Una nuova indagine, seguita dal procuratore Michael Berger a marzo, prepara altre accuse contro l’ex presidente venezuelano arrestato negli Usa. Alla base ci sarebbe il reato di riciclaggio internazionale, con tracce anche in Italia. Il polemico rientro a casa di Camilla Fabri Saab

Il Dipartimento di Giustizia americano prepara una nuova indagine penale contro Nicolas Maduro. Secondo l’emittente CBS News, i procuratori federali di Miami hanno ricevuto l’ordine di aprire un nuovo dossier contro l’ex leader del regime venezuelano, perché c’è la preoccupazione che il processo in corso per i reati di narcotraffico, possesso illegale di armi e cospirazione, possa essere “debole”.

Questo nuovo processo, invece, sarebbe più consistente e potrebbe coinvolgere anche altri Paesi. L’ipotesi è che le accuse del Tribunale del Distretto Sud dello stato della Florida siano riciclaggio e delitti finanziari internazionali.

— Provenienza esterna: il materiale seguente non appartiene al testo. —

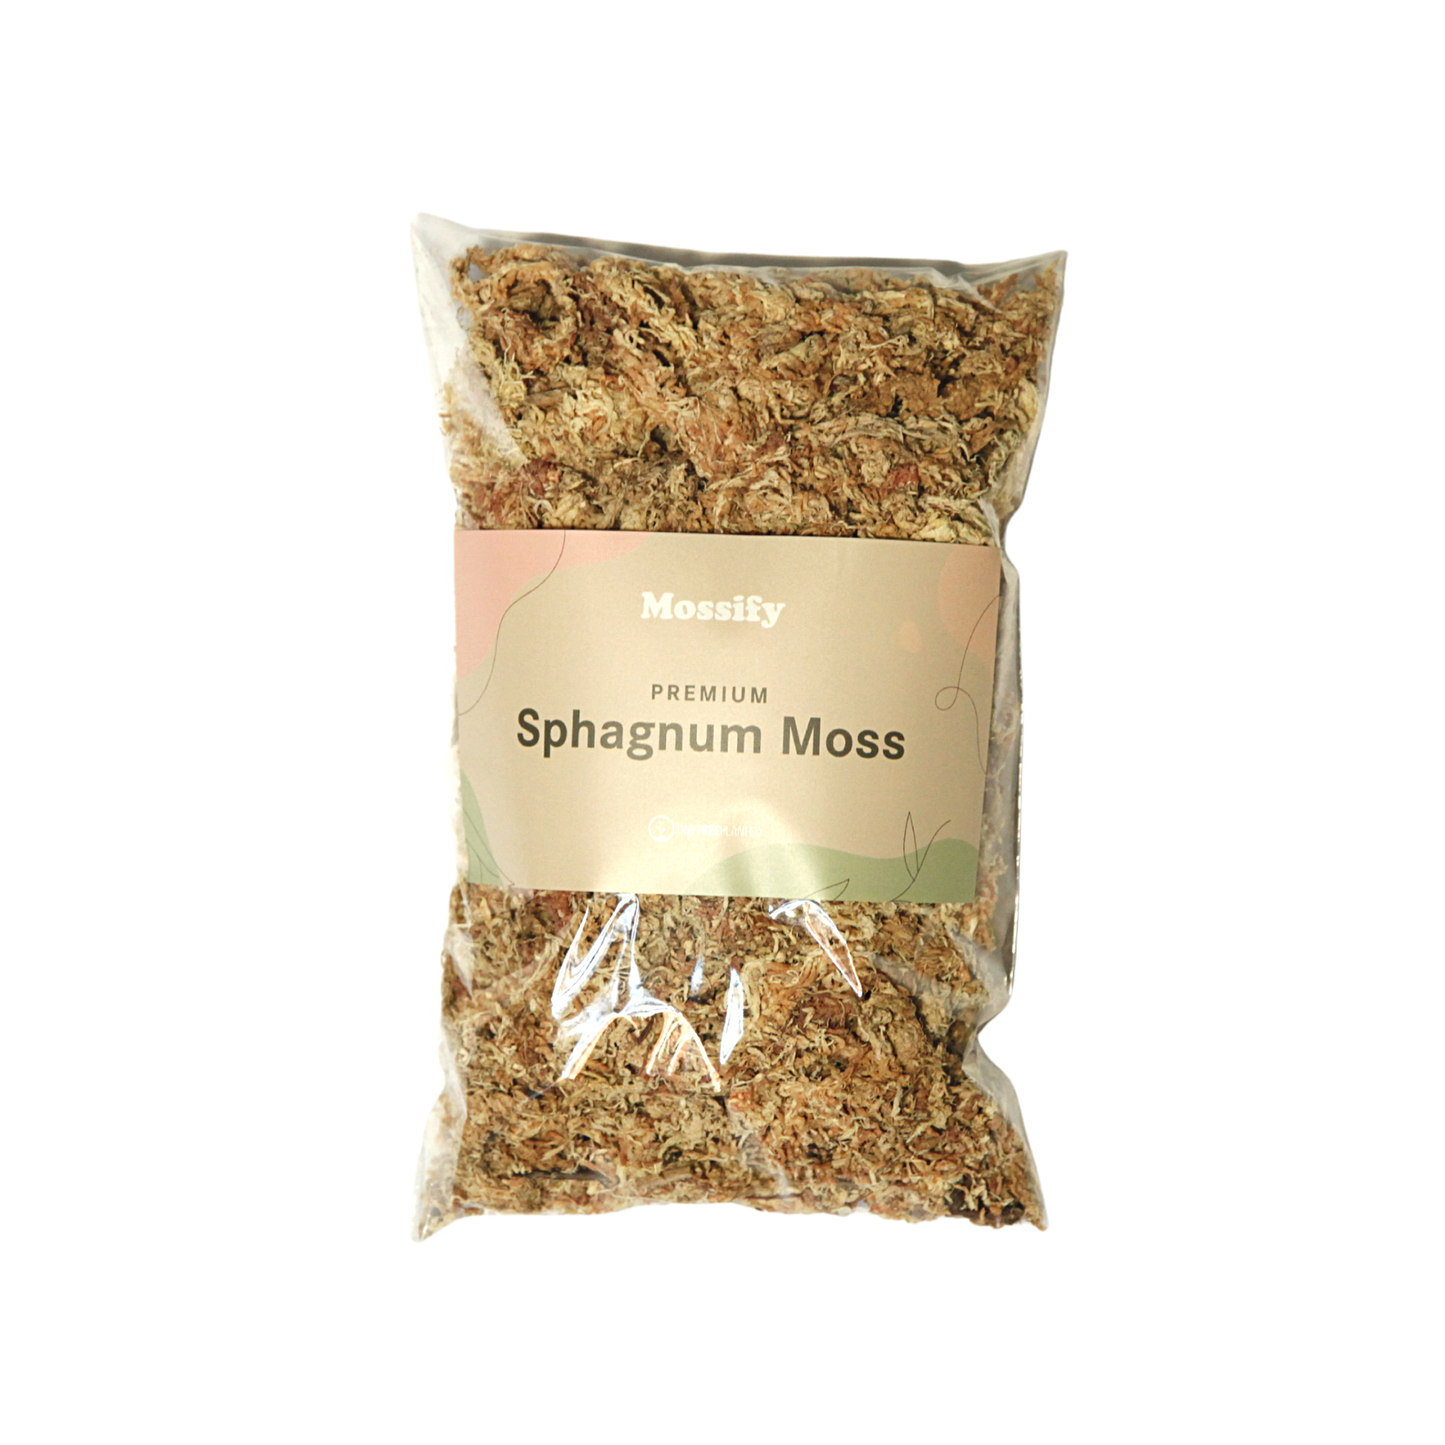 Premium Sphagnum Moss Bags
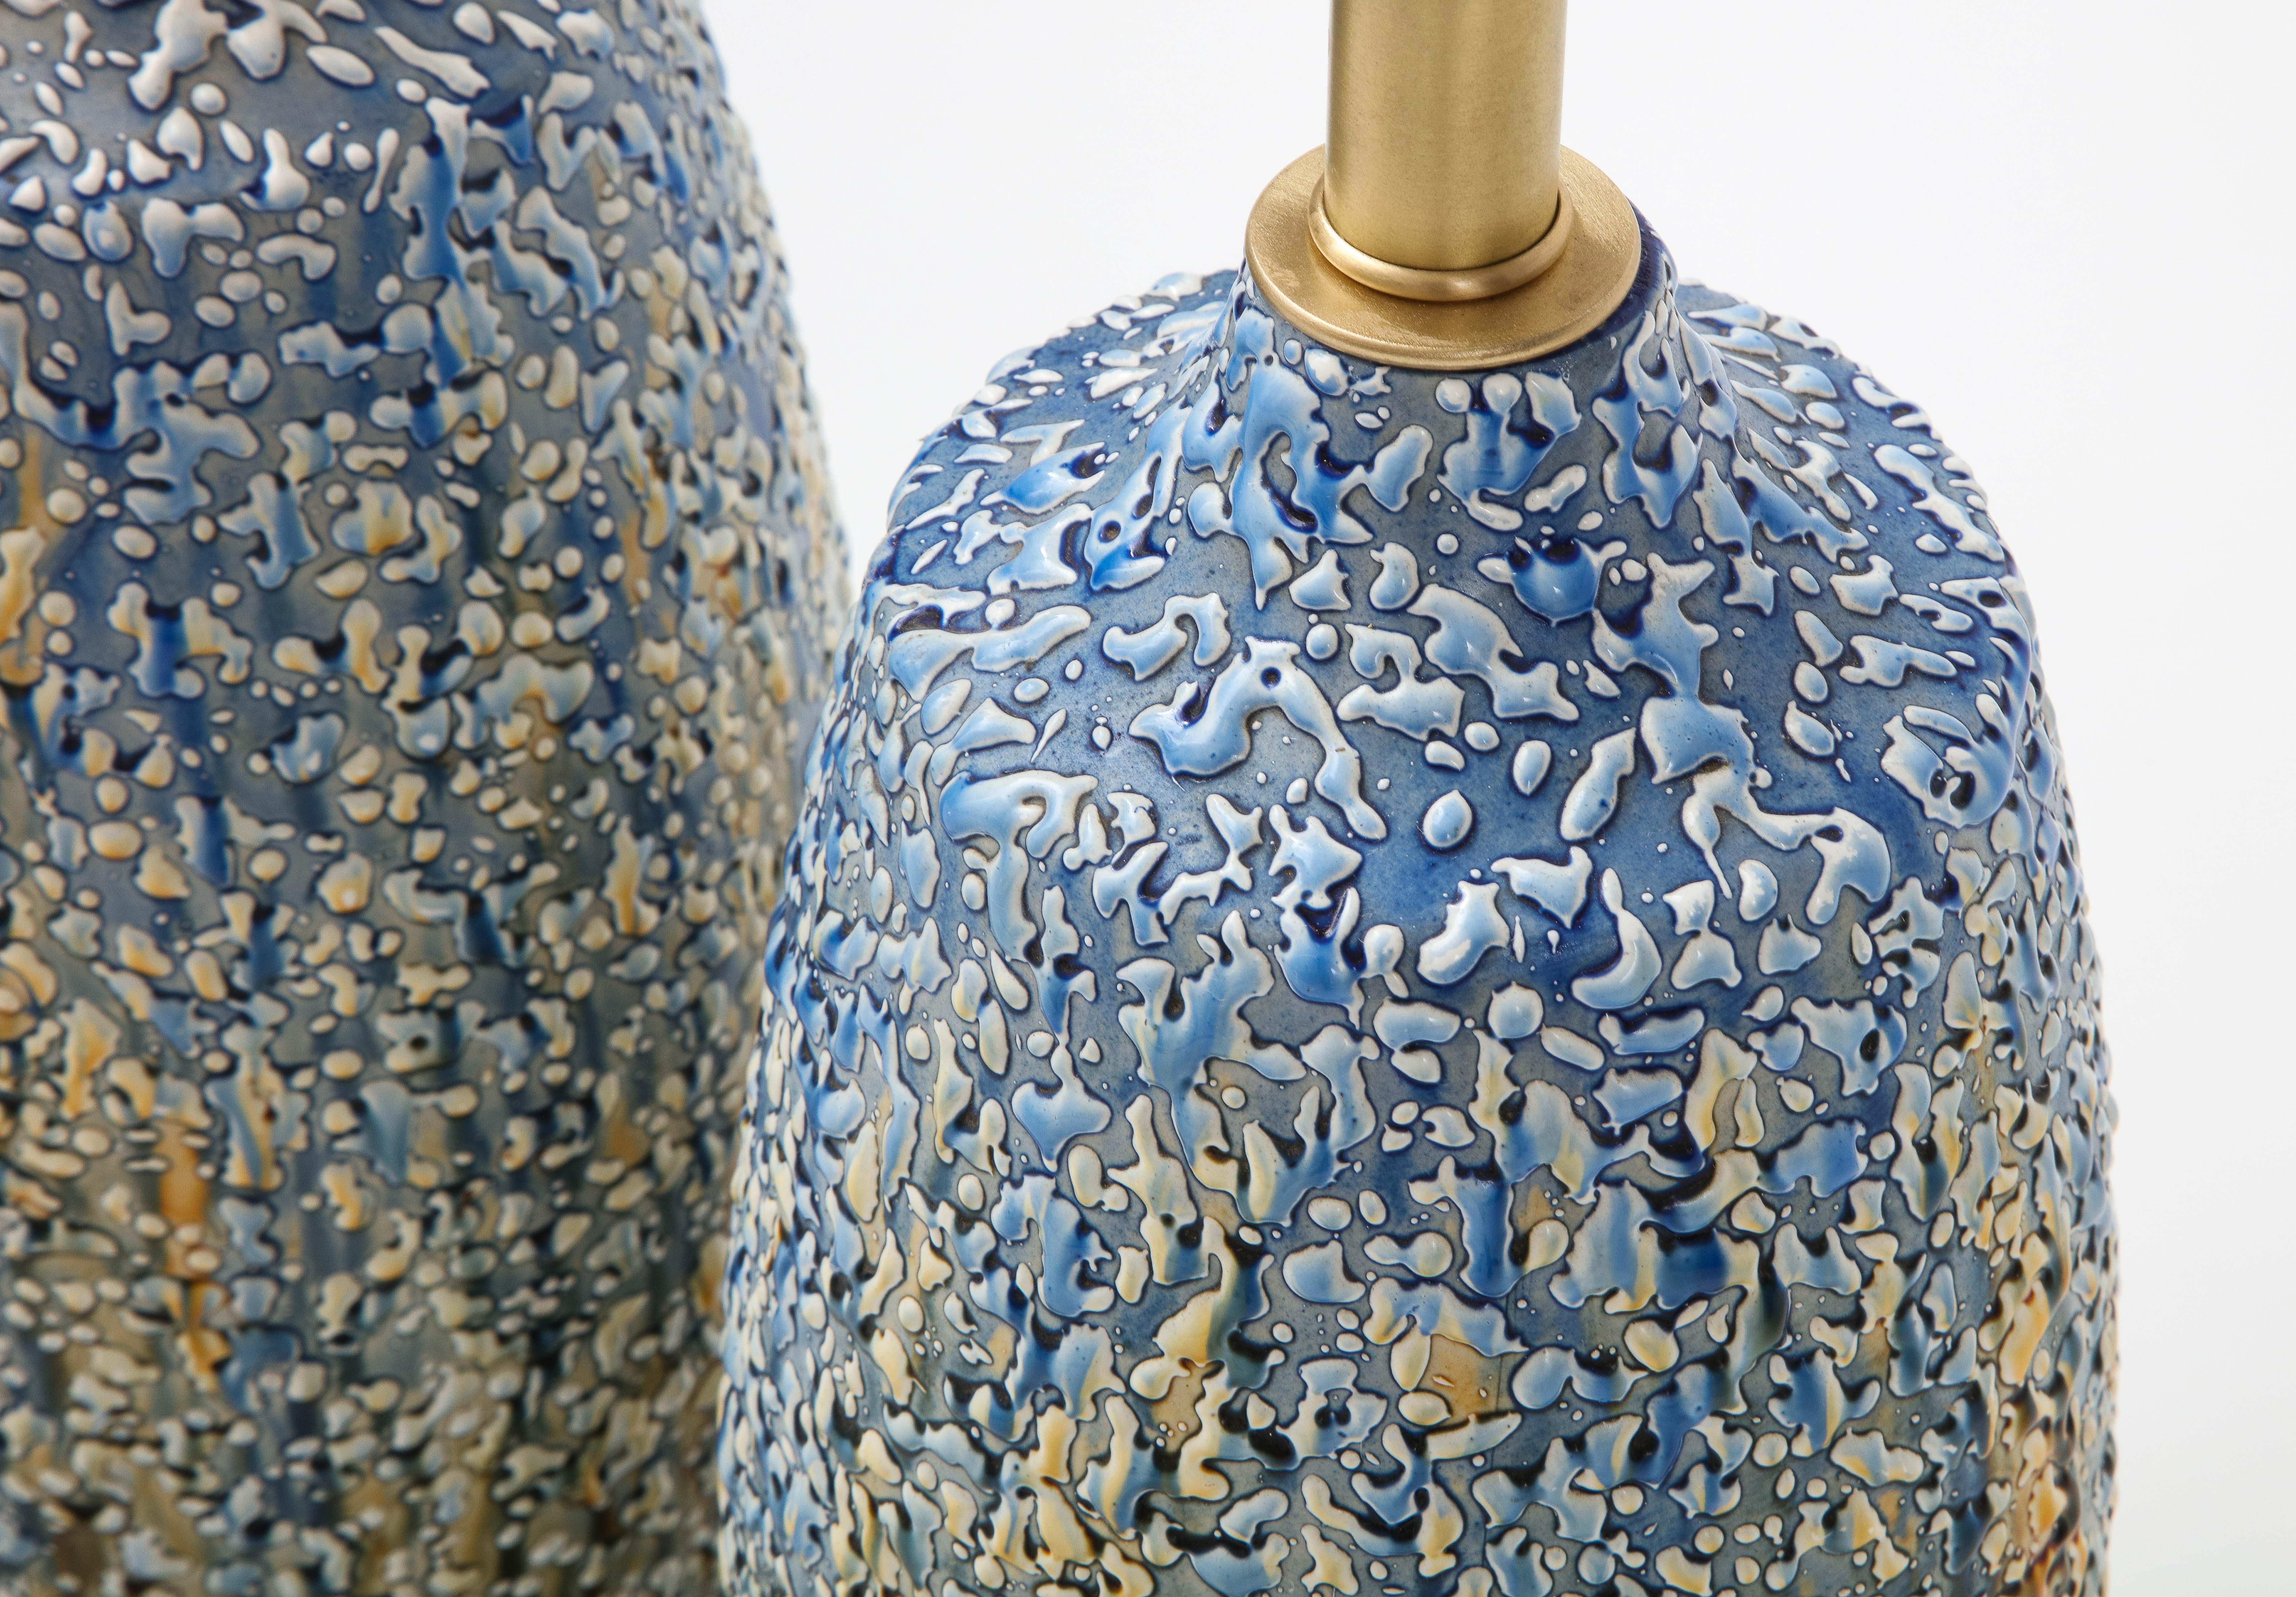 Blue, Polychrome Bubble Glazed Porcelain Lamps 3

Nella trama di delitti commessi dal leader della dittatura chavista sarebbe coinvolto il suo presunto prestanome, l’imprenditore colombiano Alex Saab (qui l’articolo di Formiche.net). Saab è stato difeso più volte dal regime venezuelano ed è stato liberato dal governo del presidente Joe Biden in uno scambio di prigionieri. Era accusato di riciclaggio e corruzione nel programma pubblico di assistenza alimentaria umanitaria per il Venezuela.